On Thu, Mar 12, 2026 at 11:44:04PM +0100, William Roche wrote:
> Yazen, could you also please tell us if an existing non-SMCA AMD hardware
> could crash on updating an SMCA register ?

So, the situation is this: if software needs to access a MCA_DESTATUS MSR
- which is part of AMD's MCA extensions - then software needs to check the
 smca bit.

So your patch is correct. The justification about it is not.

It should talk about how software should touch that MSR *only* *after* having
checked mce_flags.smca.

Because, it doesn't matter what KVM does or whoever - we all adhere to the hw
spec.

Because technically speaking, this code should blow up on non-SMCA machines
too because they do support deferred errors (Bulldozer for example) but they
will #GP on access to the MCA_DESTATUS MSRs as those are reserved there.

So please rewrite your commit message to state that. And then you can talk
about what the real-life situation is which caught this.

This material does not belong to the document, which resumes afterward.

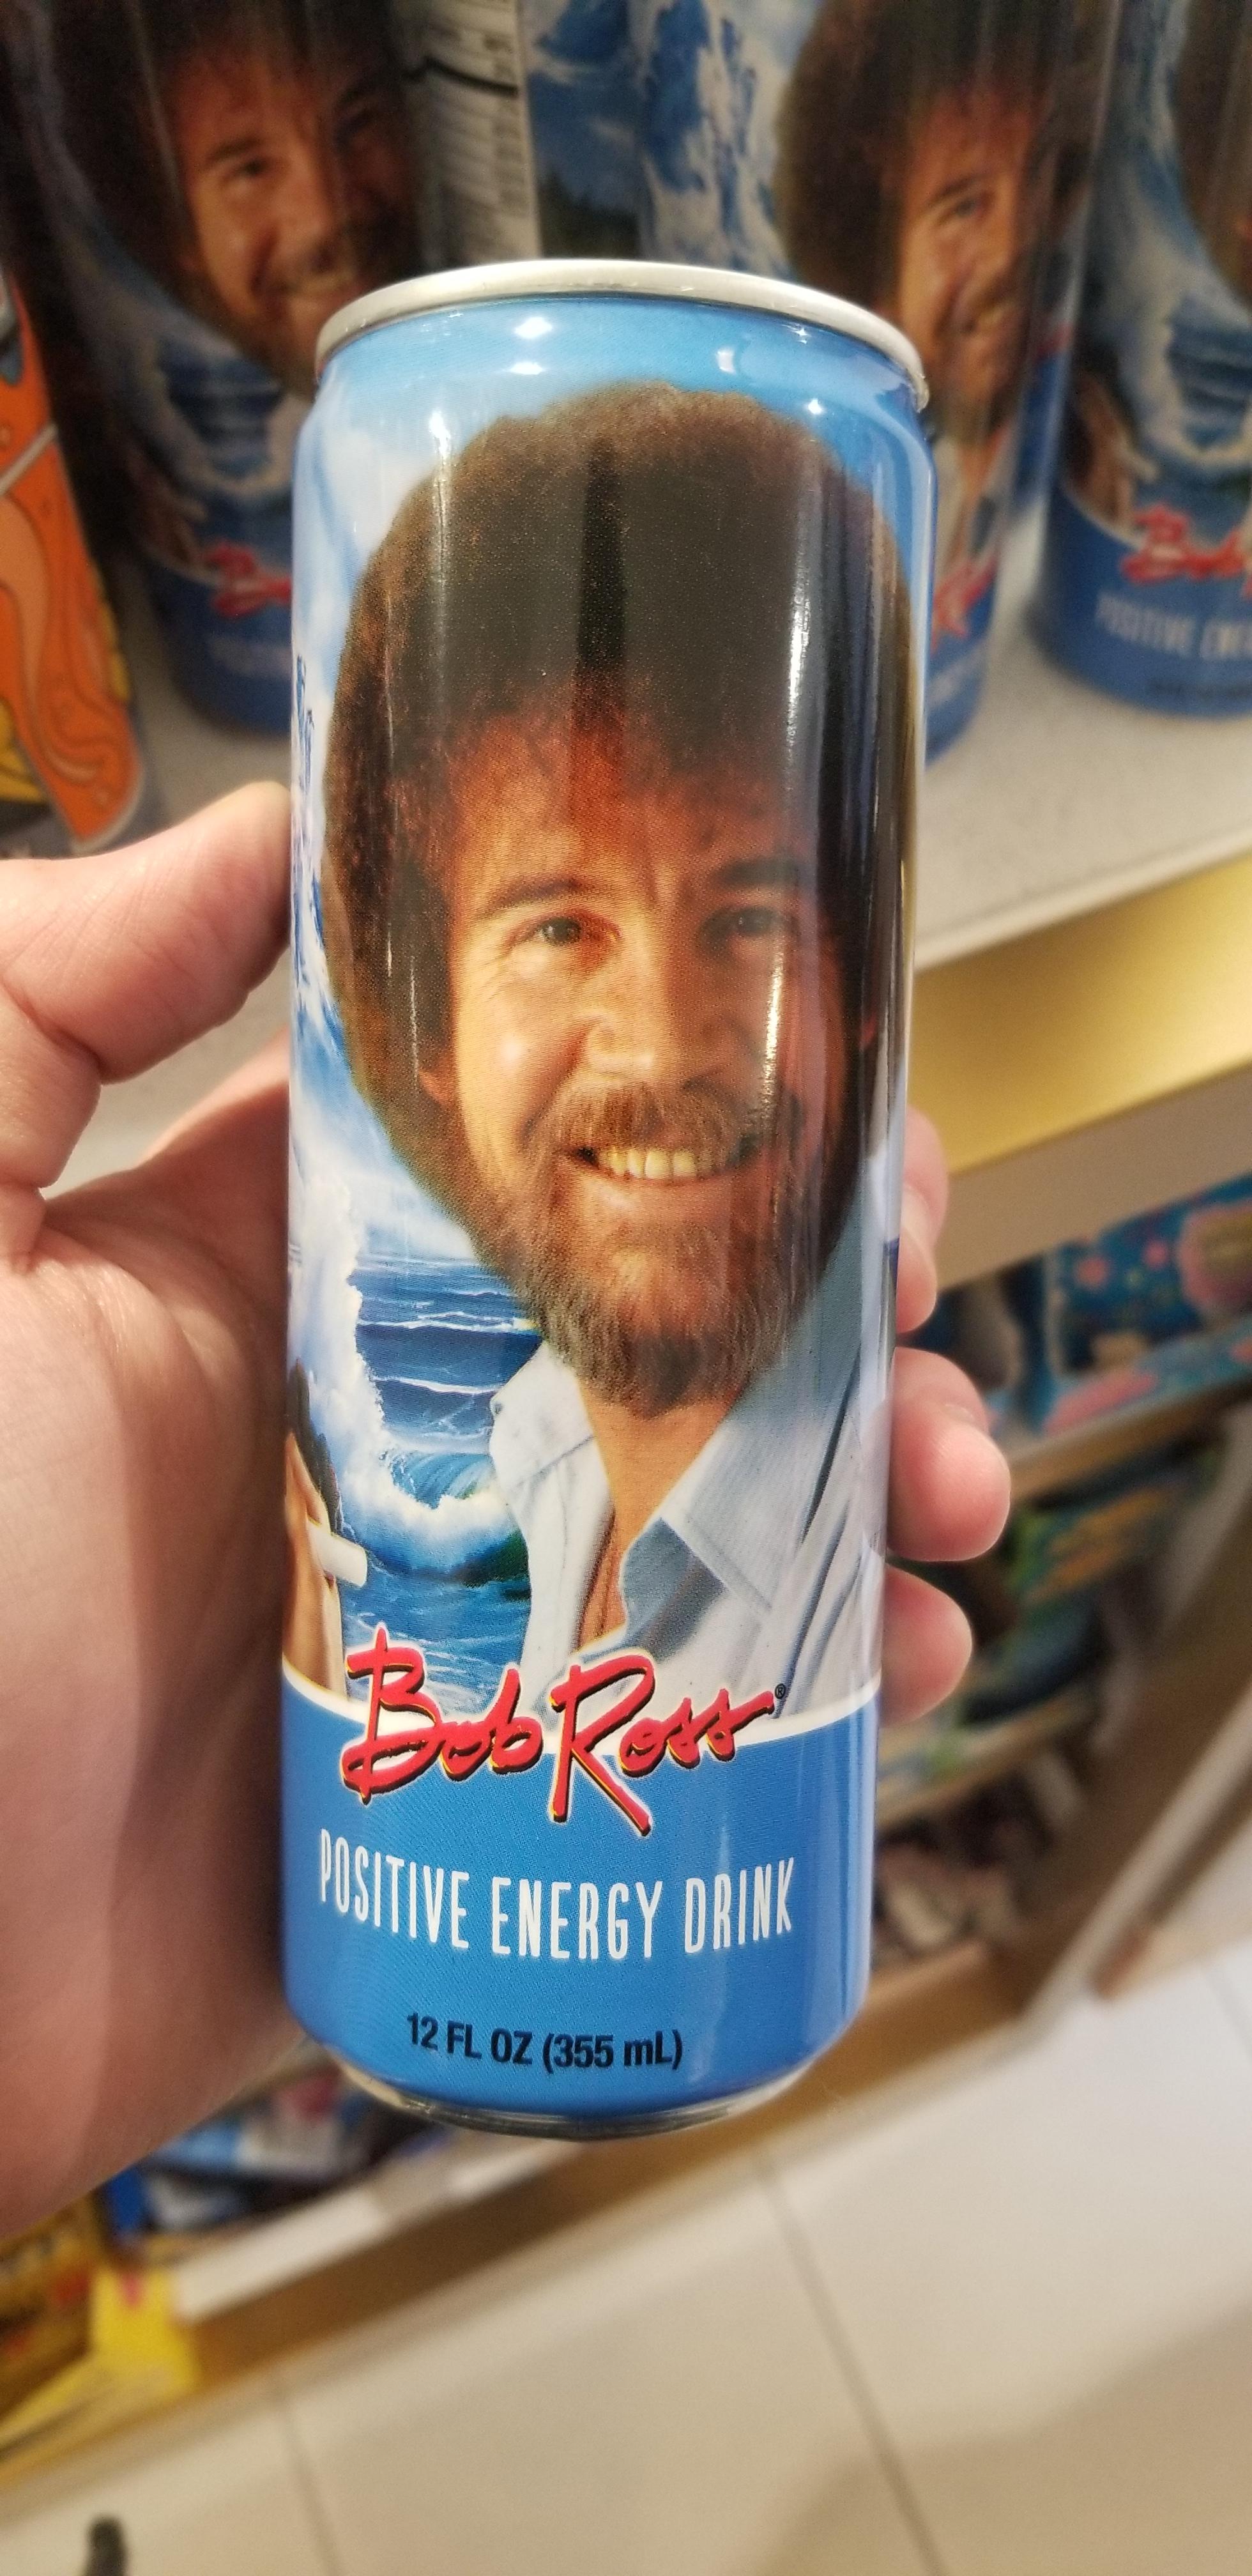 This Bob Ross energy drink

As to your use case - thanks for explaining it. If this is something which
people run, then it would be wonderful if we had a simple test script in the
kernel which verifies new changes don't break it and so that we can run it
periodically as part of testing.

HTH.

Thx.

-- 
Regards/Gruss,
    Boris.

https://people.kernel.org/tglx/notes-about-netiquette

^ permalink raw reply	[flat|nested] 12+ messages in thread

* Re: [PATCH v2 1/1] x86/mce/amd: Fix VM crash during deferred error handling
  2026-03-13 20:10           ` Borislav Petkov
@ 2026-03-16 15:27             ` William Roche
  0 siblings, 0 replies; 12+ messages in thread
From: William Roche @ 2026-03-16 15:27 UTC (permalink / raw)
  To: Borislav Petkov
  Cc: yazen.ghannam, tony.luck, tglx, mingo, dave.hansen, x86, hpa,
	linux-edac, linux-kernel, John.Allen, jane.chu

On 3/13/26 21:10, Borislav Petkov wrote:
> On Thu, Mar 12, 2026 at 11:44:04PM +0100, William Roche wrote:
>> Yazen, could you also please tell us if an existing non-SMCA AMD hardware
>> could crash on updating an SMCA register ?
> 
> So, the situation is this: if software needs to access a MCA_DESTATUS MSR
> - which is part of AMD's MCA extensions - then software needs to check the
>   smca bit.
> 
> So your patch is correct. The justification about it is not.
> 
> It should talk about how software should touch that MSR *only* *after* having
> checked mce_flags.smca.
> 

Ok, I understand your point.

> Because, it doesn't matter what KVM does or whoever - we all adhere to the hw
> spec.
> 
> Because technically speaking, this code should blow up on non-SMCA machines
> too because they do support deferred errors (Bulldozer for example) but they
> will #GP on access to the MCA_DESTATUS MSRs as those are reserved there.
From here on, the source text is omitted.